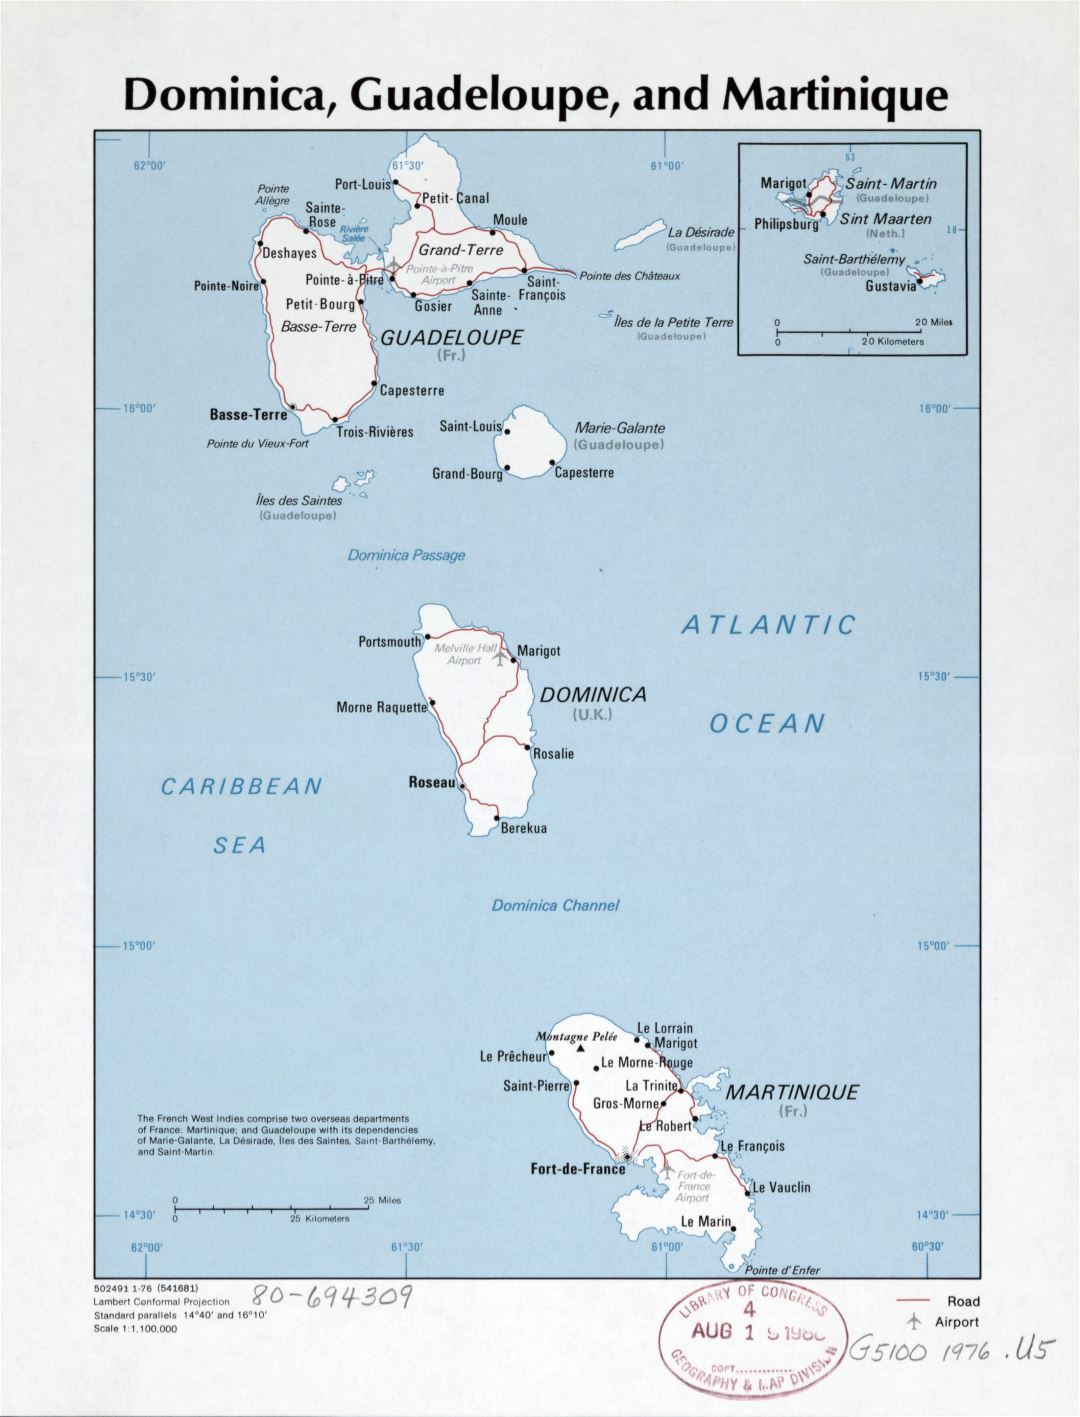 Большая детальная политическая карта Доминики, Гваделупы и Мартиники с дорогами, крупными городами и аэропортами - 1976
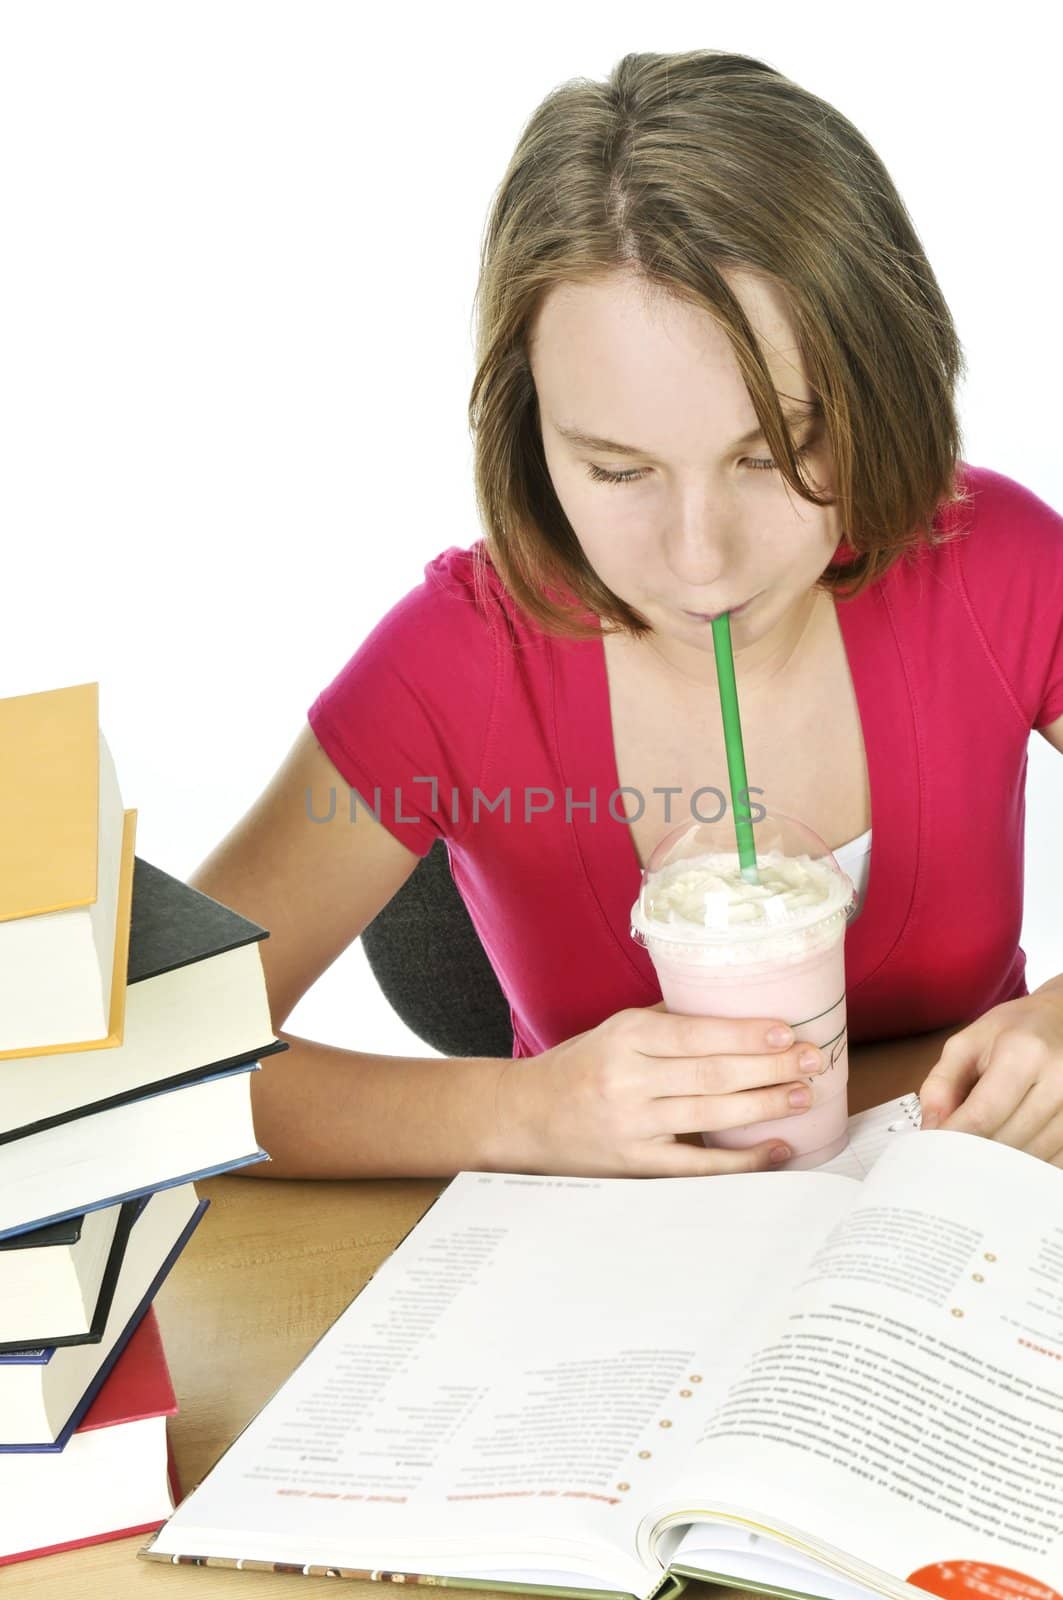 Teenage school girl studying with a milkshake
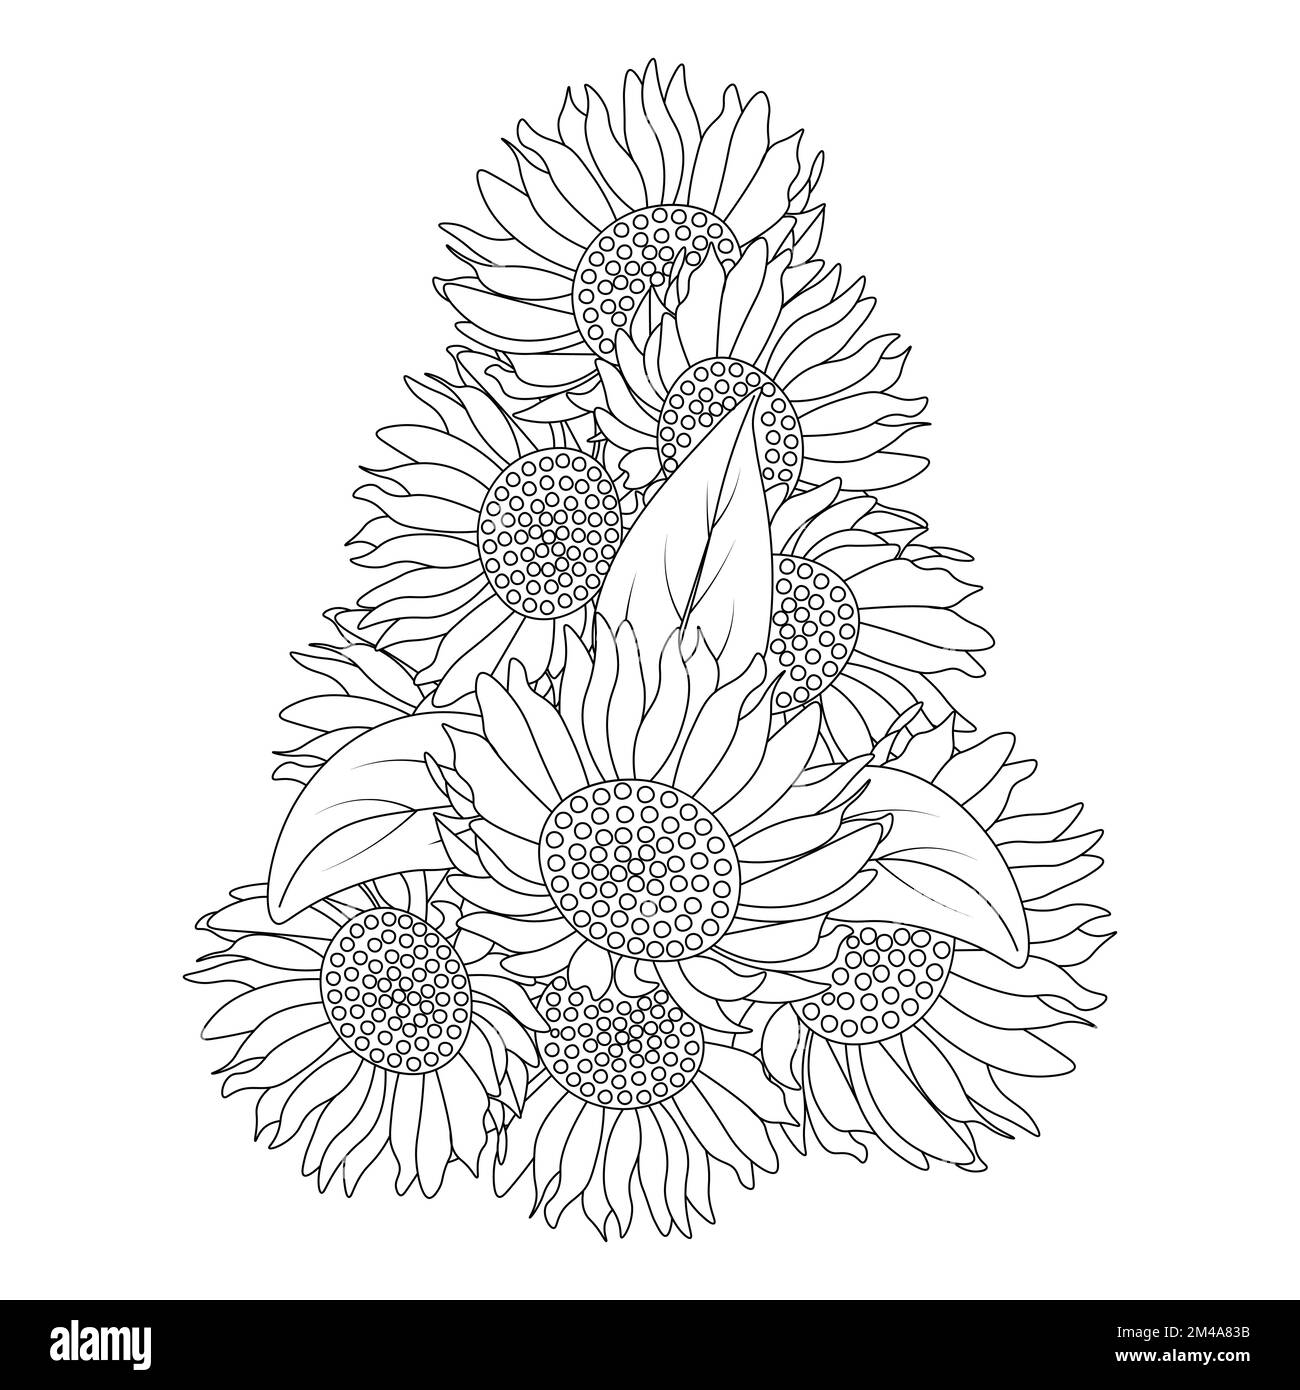 Sonnenblumen Zen Doodle Art Zeichnung im Vektordesign mit blühenden Blütenblättern für Erwachsene Malbuch Seite Stock Vektor

■ **PROBLEM TO SOLVE**:
Return the material in full and unaltered, minus its pictures.

■ **FINISHED EXERCISE**:
 Большая детальная политическая карта Доминики, Гваделупы и Мартиники с дорогами, крупными городами и аэропортами - 1976
 Teenage school girl studying with a milkshake
 Sonnenblumen Zen Doodle Art Zeichnung im Vektordesign mit blühenden Blütenblättern für Erwachsene Malbuch Seite Stock Vektor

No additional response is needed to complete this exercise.